The C.S.D.E. has issued new safety guidelines for all schools to follow in Connecticut to help protect students and teachers. In accordance with these recommendations, these are the topics parents should be addressing with their children before classes begin:
- Screenings: Parents and students should keep a close eye on their health to help avoid unnecessary exposure to others. If a child has a fever or feels unwell, keep them home from school to protect the health of others in the school environment. Teach your family how to identify the signs of COVID-19 as defined by the Center for Disease Control and Prevention (C.D.C.) to ensure you are staying on top of your health.
- Masks: As stated in the current guidelines, students who attend in-person classes are expected to wear masks and face coverings in school that completely cover the nose and mouth while inside of the building. Students who possess a doctor’s note exempting them from this rule may still be allowed to attend. Check with your school directly before classes begin to clarify the final mask policy.
- Social Distancing: Review with your children the importance of social distancing while in school and on the bus. Being in a familiar environment with friends can cause children to revert to their typical methods of engaging with peers. Here’s how you can practice at home.

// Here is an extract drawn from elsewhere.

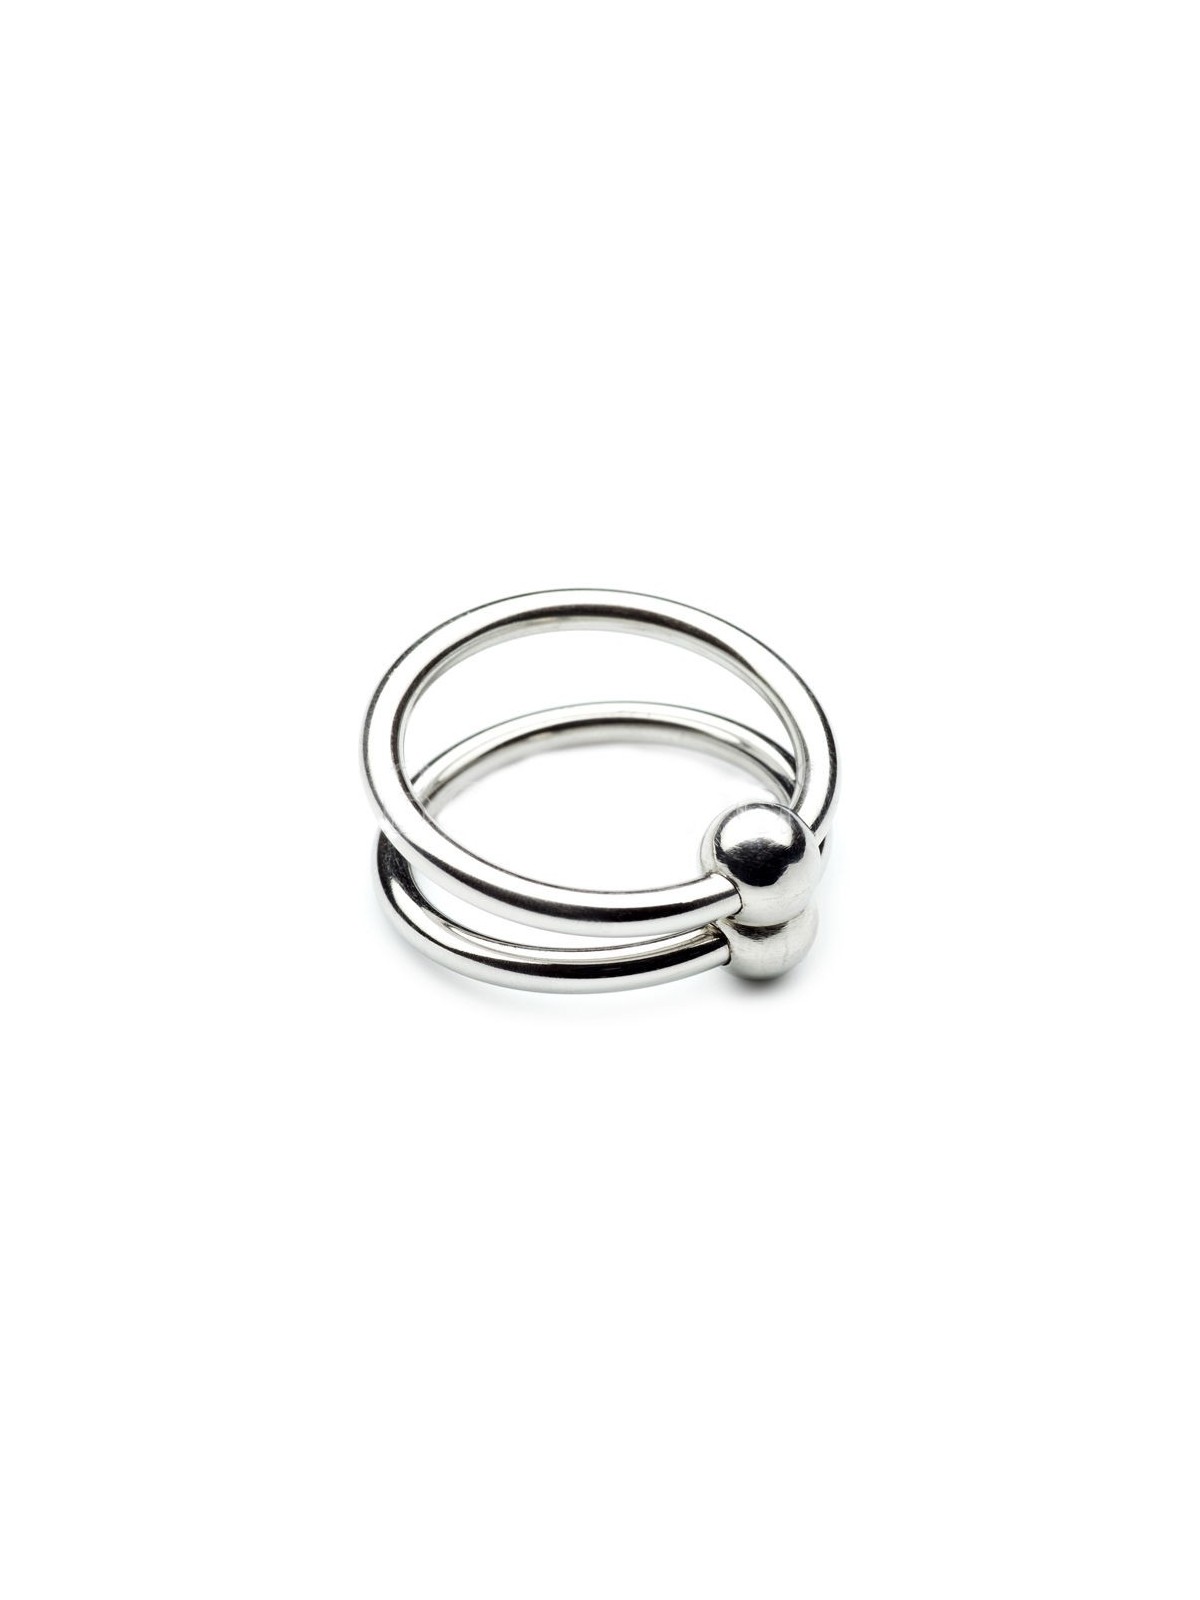 Metalhard Double Glans Ring - Comprar Anillo metal pene Metal Hard - Anillos de metal pene (1)
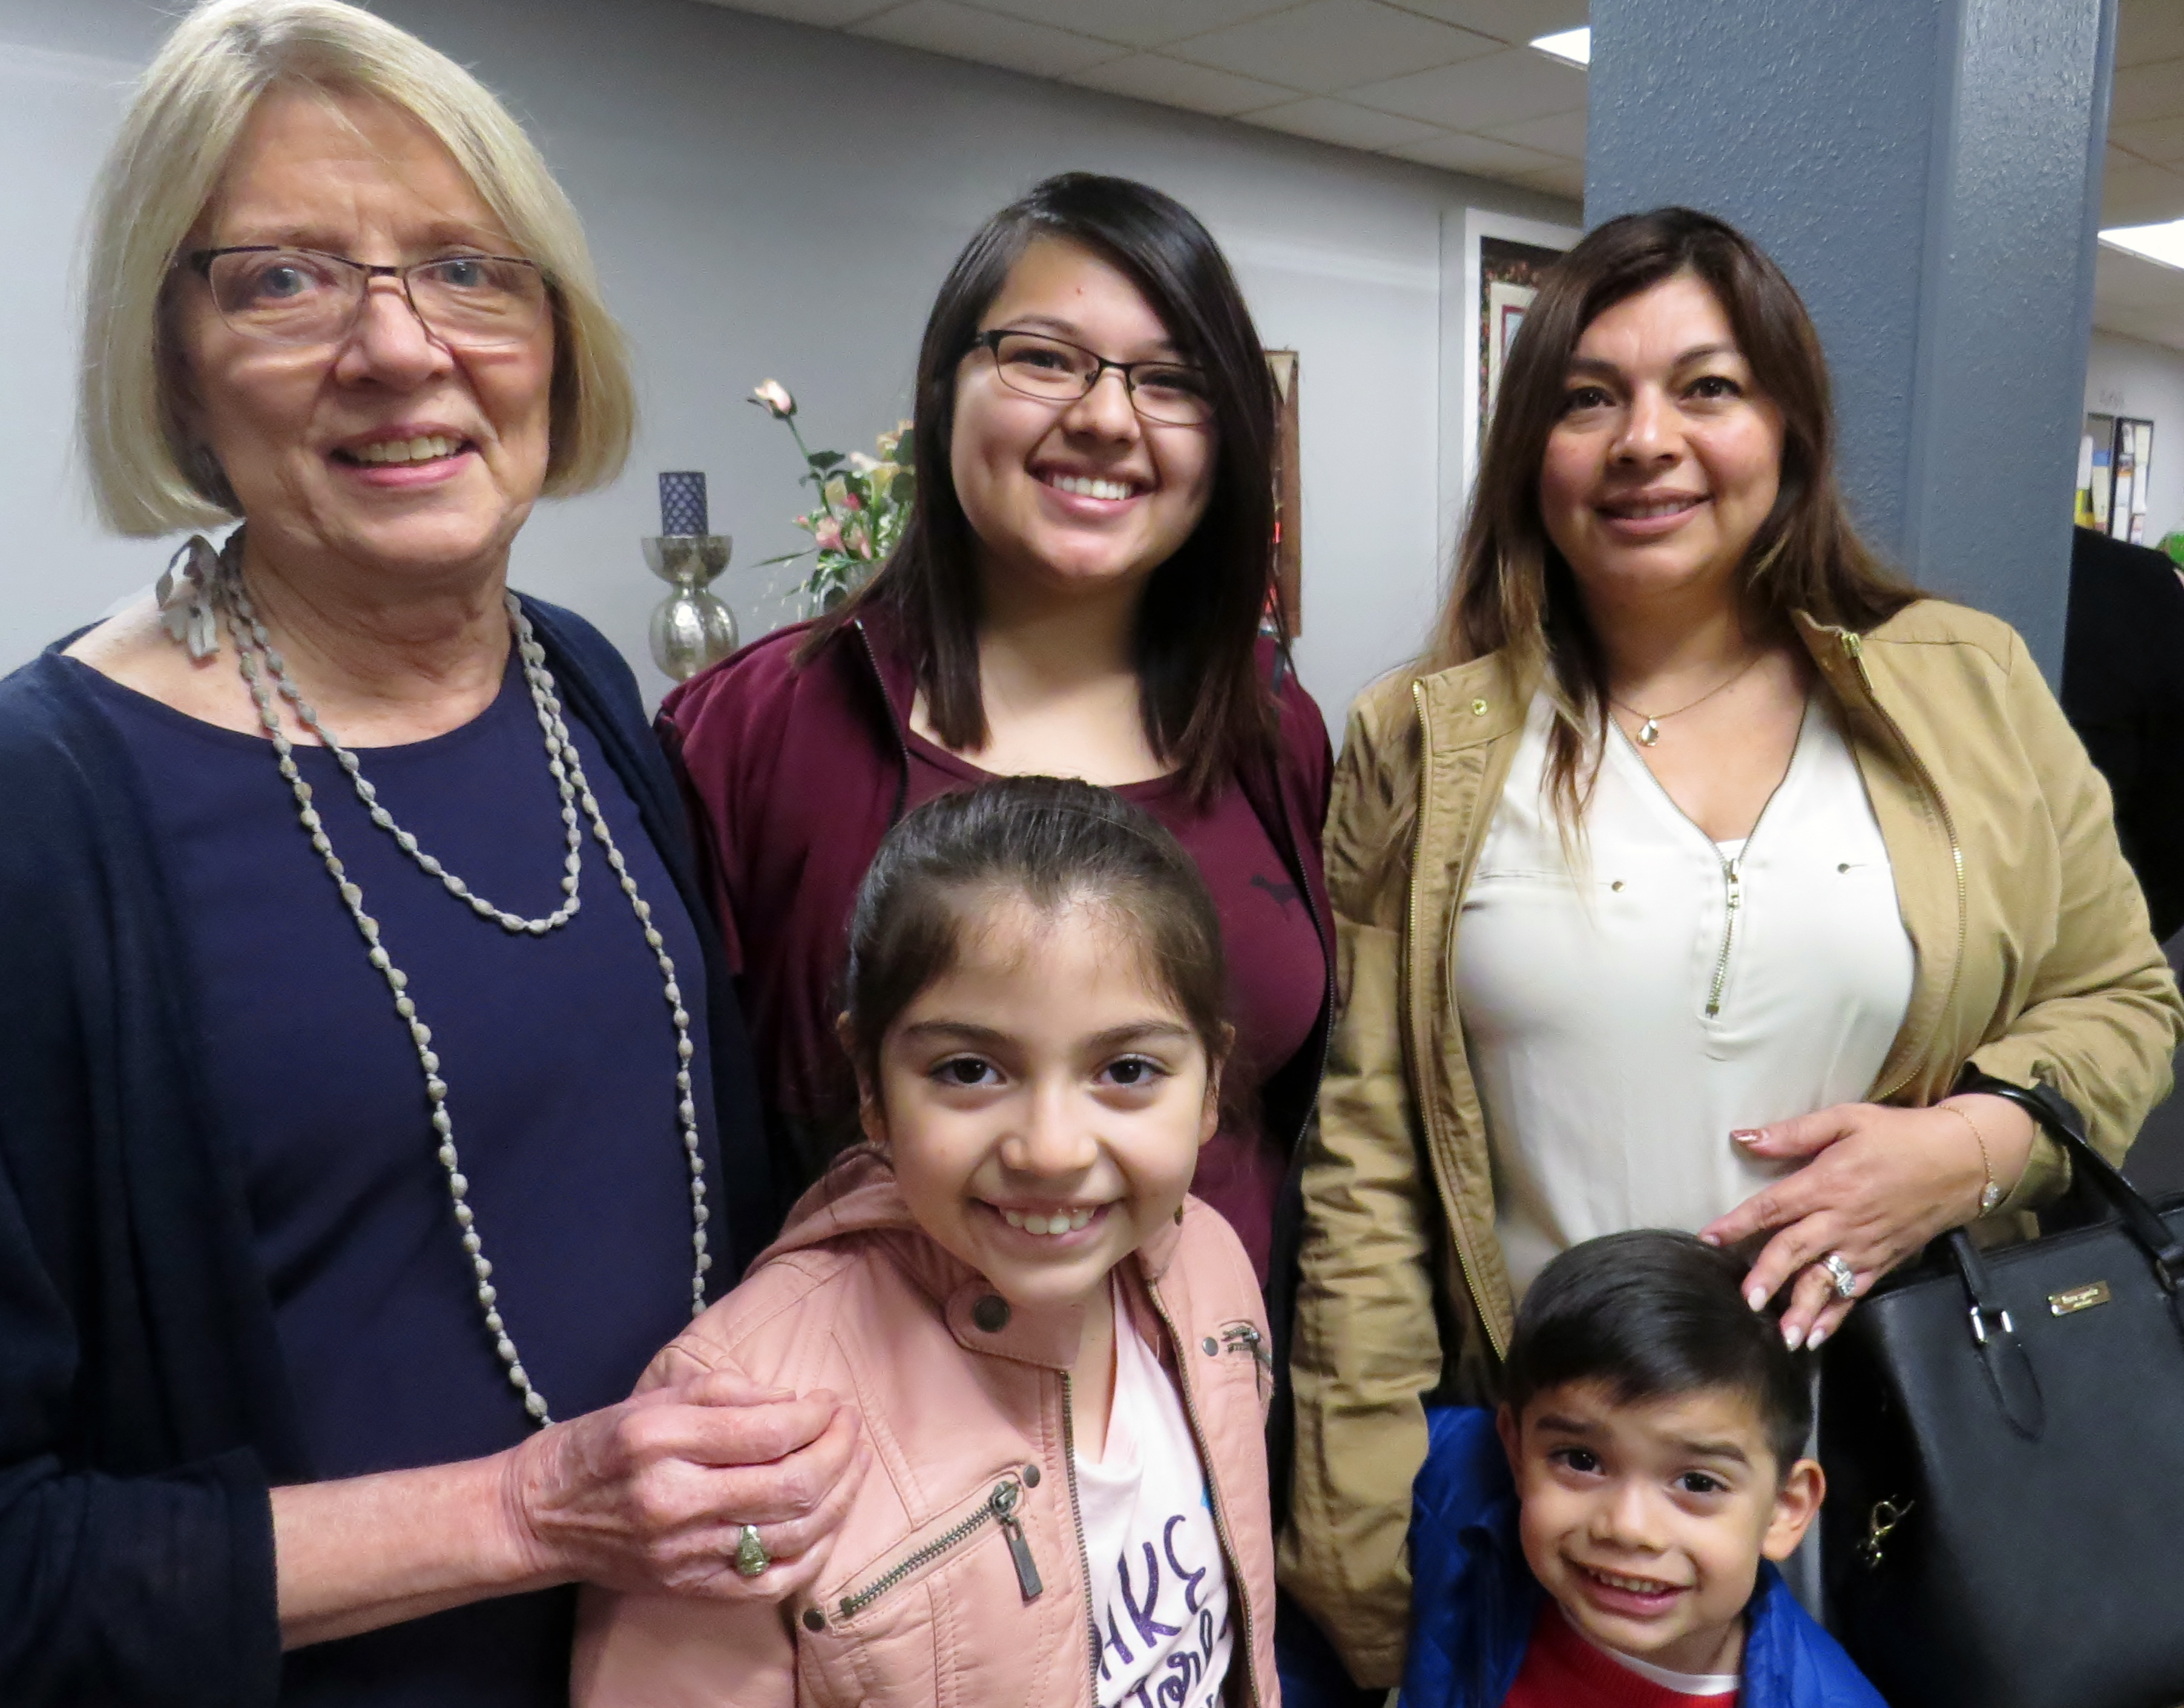 Kay Schecht has been a mentor to three generations of the Lopez family in Irving, Texas. She stands with Dalia Lopez (far right) and Dalia’s daughter, Selena, and in front are Selena’s children Mia, 8, and Ethan, 4. Schecht received the Foundation for Evangelism’s Distinguished Evangelist Award in recognition of more than 20 years of service to at-risk children and youth. Photo by Sam Hodges, UMNS.

- Hand Washing and Hand Sanitizer: Schools are encouraged to practice frequent hand washing after and before activities. Hand sanitizers will also be provided in classrooms as a method of reducing the spread of the virus. Parents can review how to properly hand wash and use hand sanitizers before children begin these practices again in school. Young children who are not mature enough to dispense hand sanitizer should not be given these items to bring to school. Hand sanitizer products can be dangerous when ingested or used in excess.
- Transportation: Busses still plan to operate close to capacity with heightened health and safety protocols, including the use of masks and face coverings onboard. Busses with younger students are expected to have monitors to help encourage safe behaviors. Confirm your child’s bus route prior to the first day of in-person class and review the importance of following the new and old safety rules of riding on a bus to school, including using seatbelts (if available), keeping face masks on, sitting down when the bus is moving, and reducing distractions for the driver.
- Good Health Habits: Educating children on proper hygiene and health practices is more critical than ever as we continue to work together to keep our communities safe. Remind your child to always cover their face when sneezing or coughing, and to wash their hands often to reduce the spread of germs.
- Social-Emotional Needs: Returning to school post-pandemic is bound to have a social-emotional impact on our children in more ways than one. Parents who are concerned with their child’s social-emotional wellbeing should keep in close communication with teachers and staff for suggestions on how to address your child’s needs. For more information on positive mental health practices, contact the Connecticut Department of Health for resources in your area.
As safety and health advocates, our team at Jacobs & Wallace will continue to keep you updated on important changes and news covering schools reopening in Connecticut. We wish all families across the state a safe and happy start to the new school year!